First, data dependence.

The main difference between deep learning and traditional machine learning is that its performance improves with the increase of data scale. When there is little data, the performance of deep learning algorithm is not good. This is because deep learning algorithms need a lot of data to understand perfectly.

Third, hardware dependence.

Deep learning algorithm needs a lot of matrix operations, and GPU is mainly used to optimize matrix operations efficiently, so GPU is the necessary hardware for deep learning to work normally. Compared with traditional machine learning algorithms, deep learning relies more on high-end machines equipped with GPU.

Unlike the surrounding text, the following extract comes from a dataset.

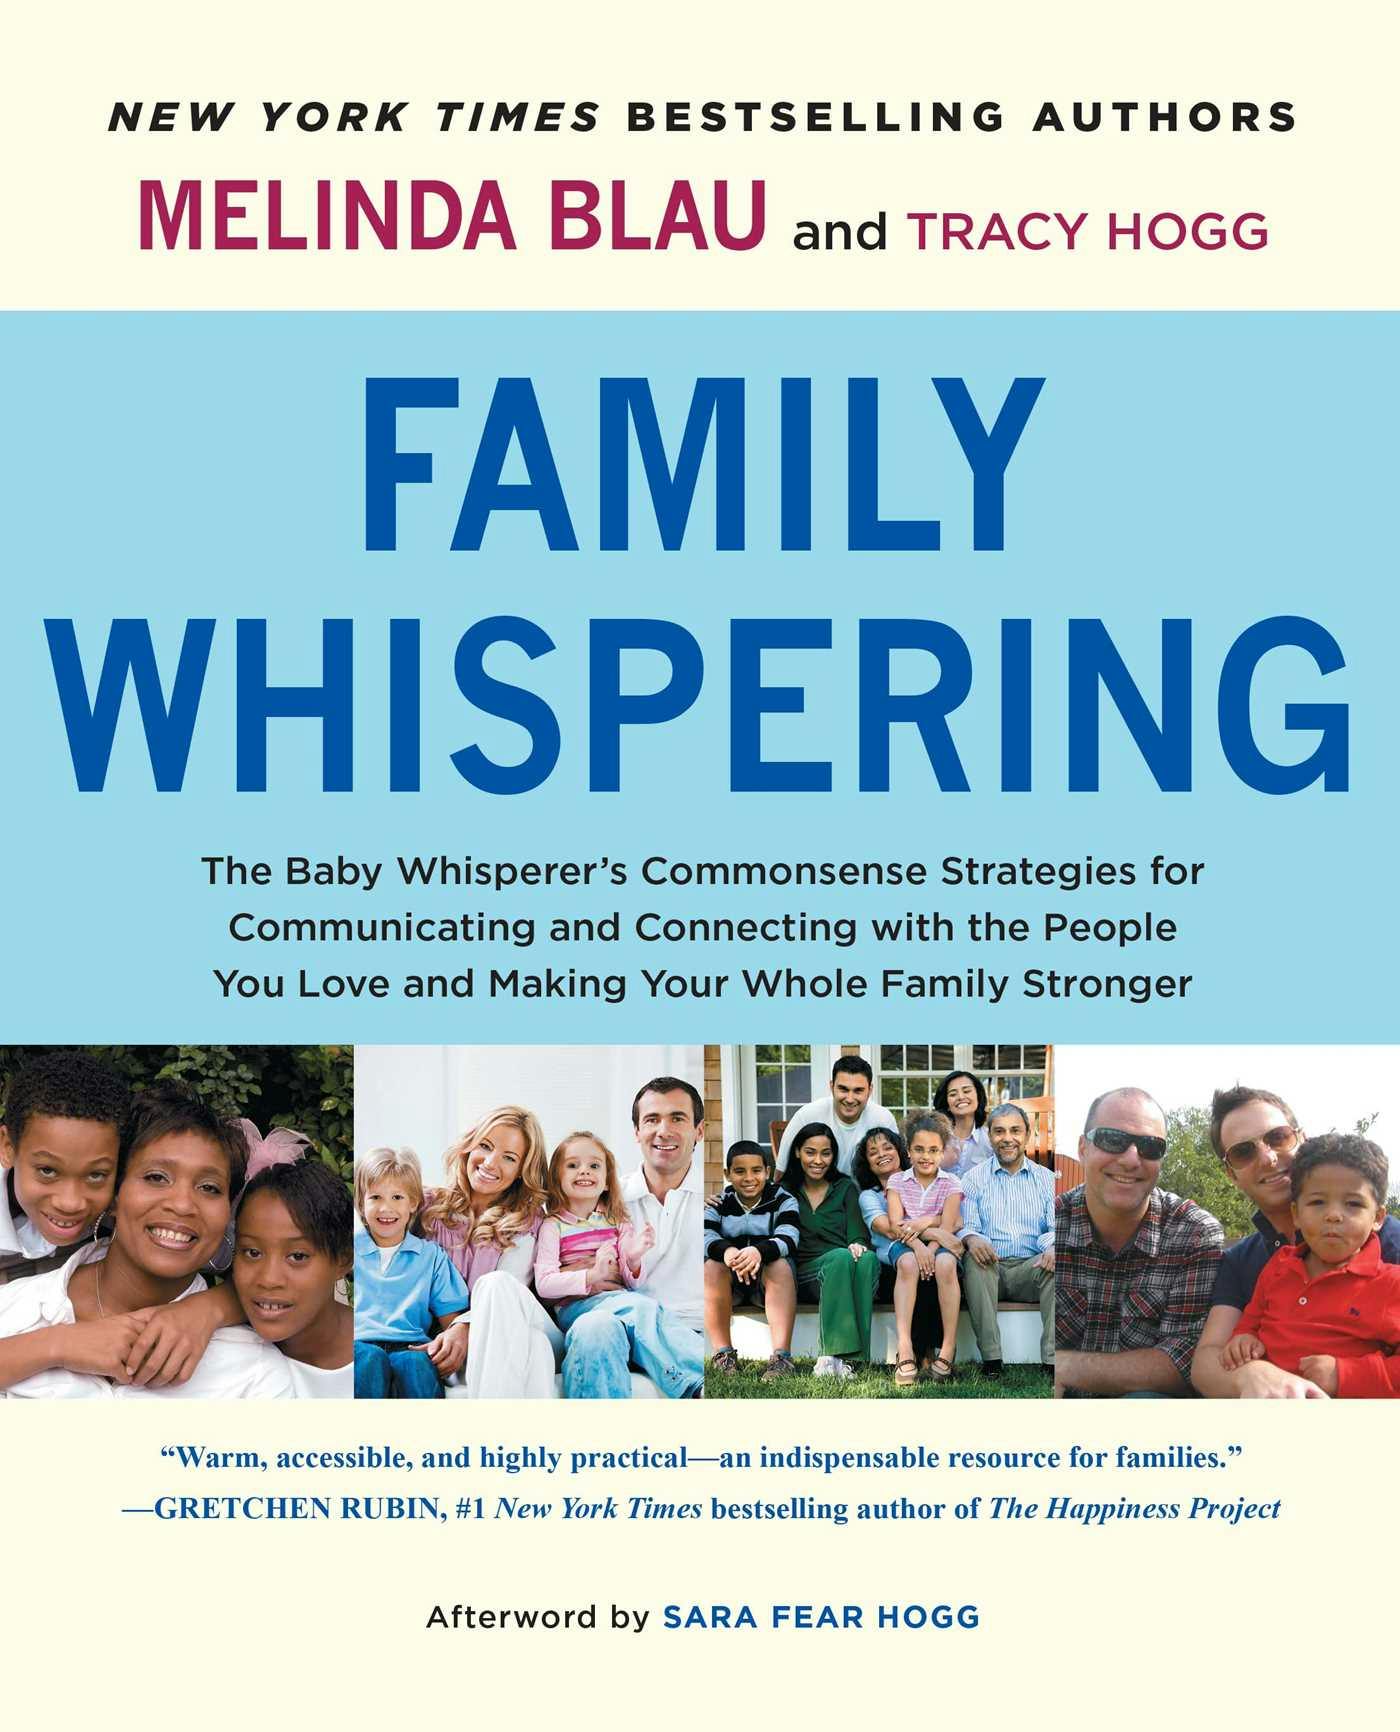 Family Whispering: The Baby Whisperer's Commonsense Strategies for Communicating and Connecting with the People You Love and Making Your Whole Family Stronger - undefined

Second, feature processing.

Feature processing is the process of putting domain knowledge into feature extractor to reduce the complexity of data and generate a better model for learning algorithm. Feature processing is time-consuming and requires professional knowledge.

Deep learning attempts to obtain high-level features directly from data, which is the main difference between deep learning and traditional machine learning algorithms. Based on this, deep learning reduces the work of designing feature extractors for each problem.

For example, convolutional neural networks try to learn the underlying features in the previous layer, then learn some faces, and then describe advanced faces. For more information, please read the interesting application of neural network machine in deep learning.

When using traditional machine learning algorithm to solve a problem, traditional machine learning usually decomposes the problem into multiple sub-problems and solves them one by one, and finally combines the results of all sub-problems to get the final result. On the contrary, deep learning advocates direct end-to-end problem solving.